Automated repair. Fully automated treatment of security, performance, or other issues is another area where AIops can fall short of vendor promises. Gregory Murray, senior research director at Gartner Inc.
He adds that some risks are difficult or impossible to predict, such as exploiting a previously unknown vulnerability. “It is also impossible for any AI system to evaluate all combinations of changes to the IT infrastructure and reliably predict the impact of those changes.”
“Some IT organizations are starting to automatically weed out what they fit into their treatment,” Elliott says. In some cases, it is an “explosion of new services or new infrastructure” to prevent performance degradation as transaction loads or needs increase, while in other cases services may be automatically migrated to a different AWS region or a different set of resources.
Notified is currently automated processing only 20% to 25% of its app portfolio “…based on a risk profile,” says Squeo.

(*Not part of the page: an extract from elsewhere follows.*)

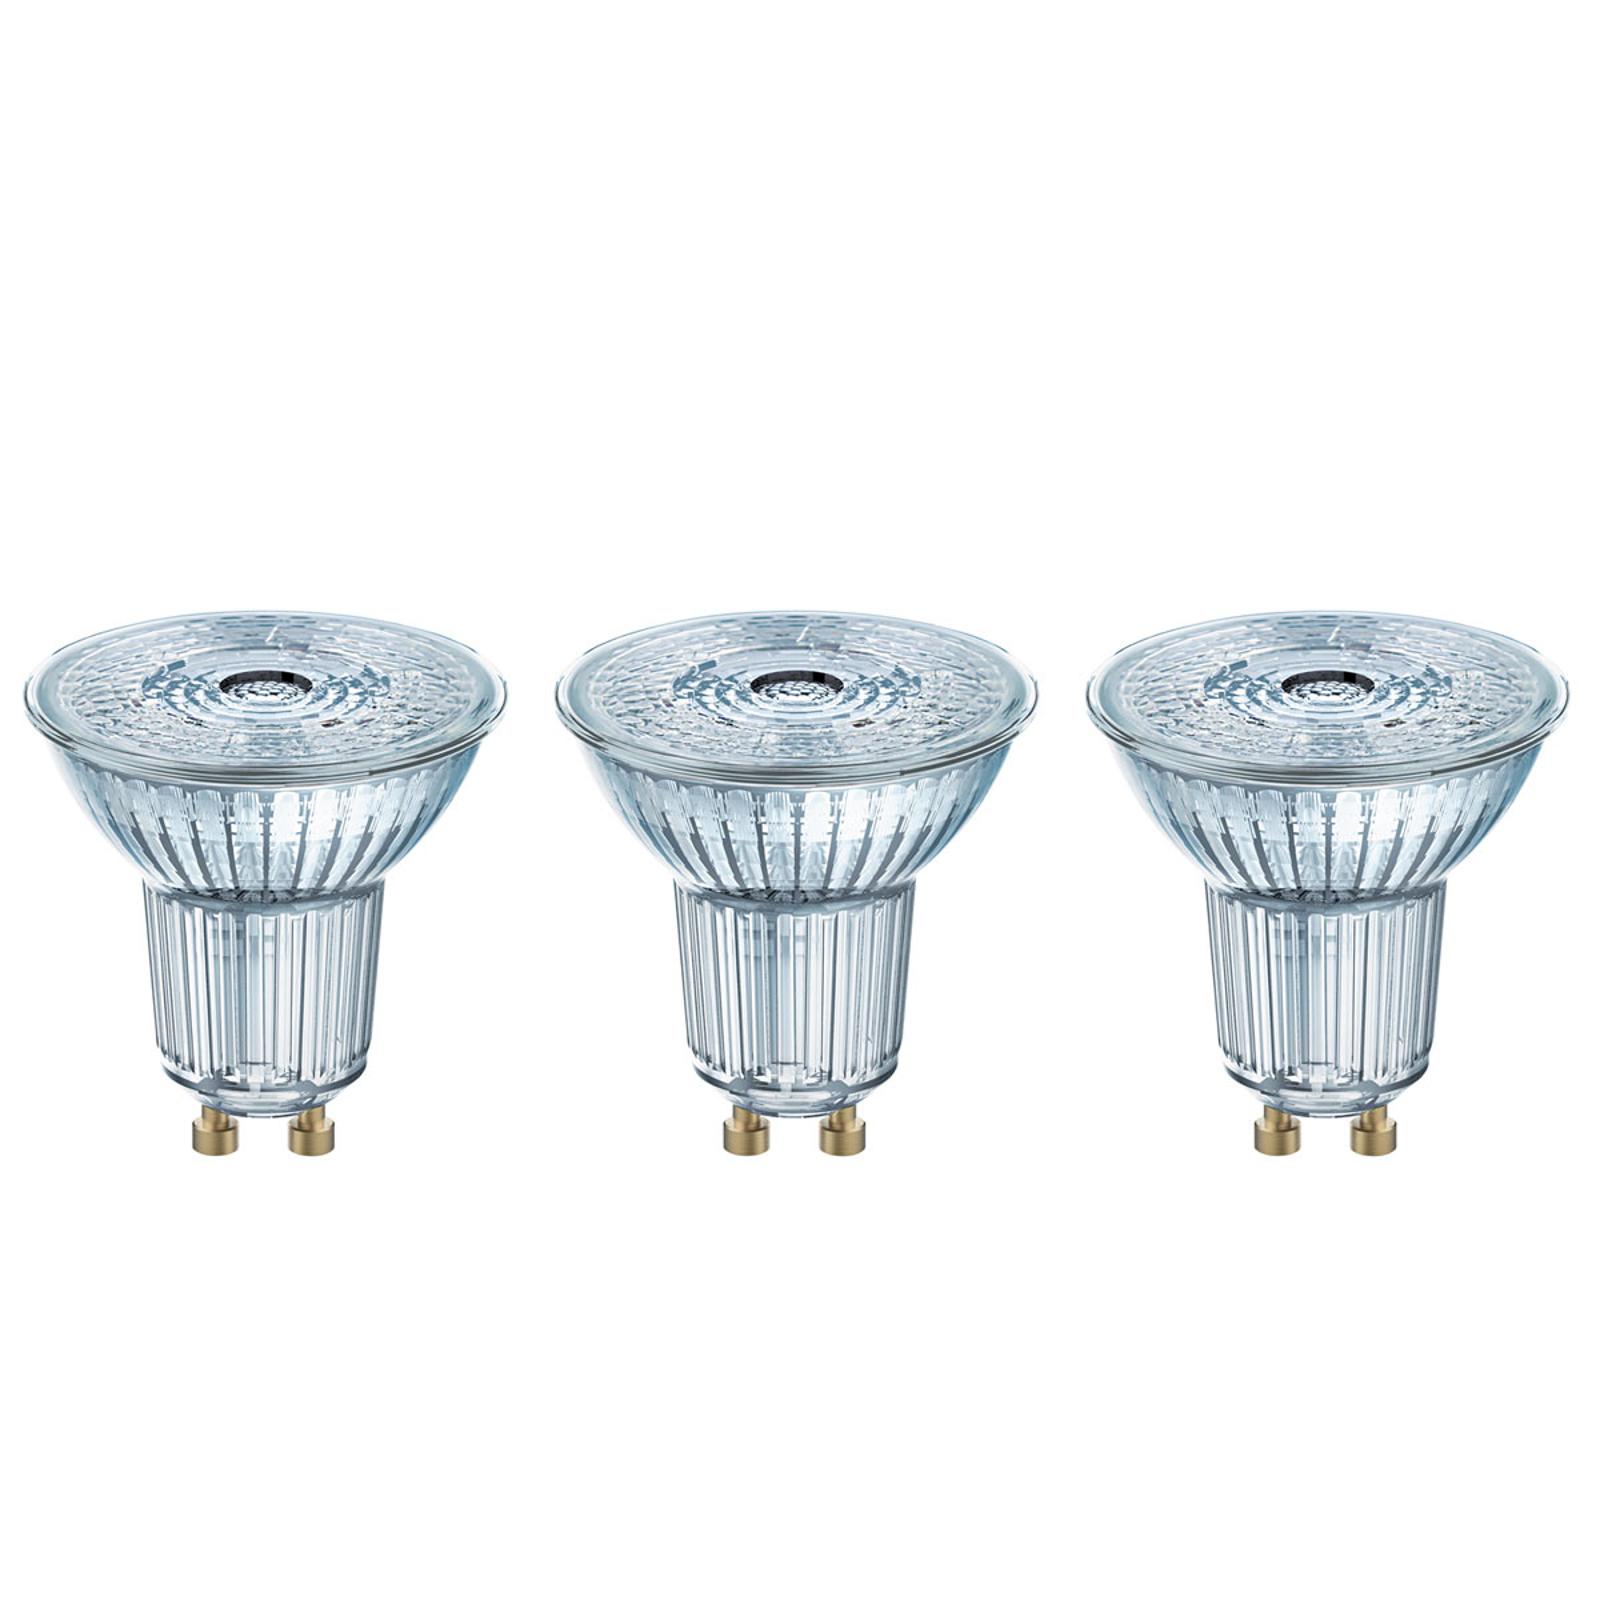 LED-Reflektor GU10 4,3W, universalweiß, 3er-Set

The transformation of culture in the future
For some, AIops is not a discipline in itself more than another tool for IT and agile business processes. IDC calls it “IT Operations Analytics” and in Notified, “we don’t use the term AIops,” says Squeo. “We use the term ‘devsecops’ which assumes good practices for monitoring, notification, events and utilization of AIops as part of the overall collaboration between development, operations and security.”
At Wiley, AIops is part of a broader move to give more responsibility for application and quality of service to the teams they develop. “We take an approach that devops[in]our reliability and management,” Mack says. “Ultimately, the accountability is (with) the teams that build the systems” who are most at risk in how they perform in production.
Stewart anticipates that AIops will eventually facilitate a “team-wide cultural shift, where automation becomes the focus” rather than manually responding to a problem as it occurs. “As we mature, the focus will be on viewing the environment from a service perspective that will bring together application components, infrastructure, and business drivers.”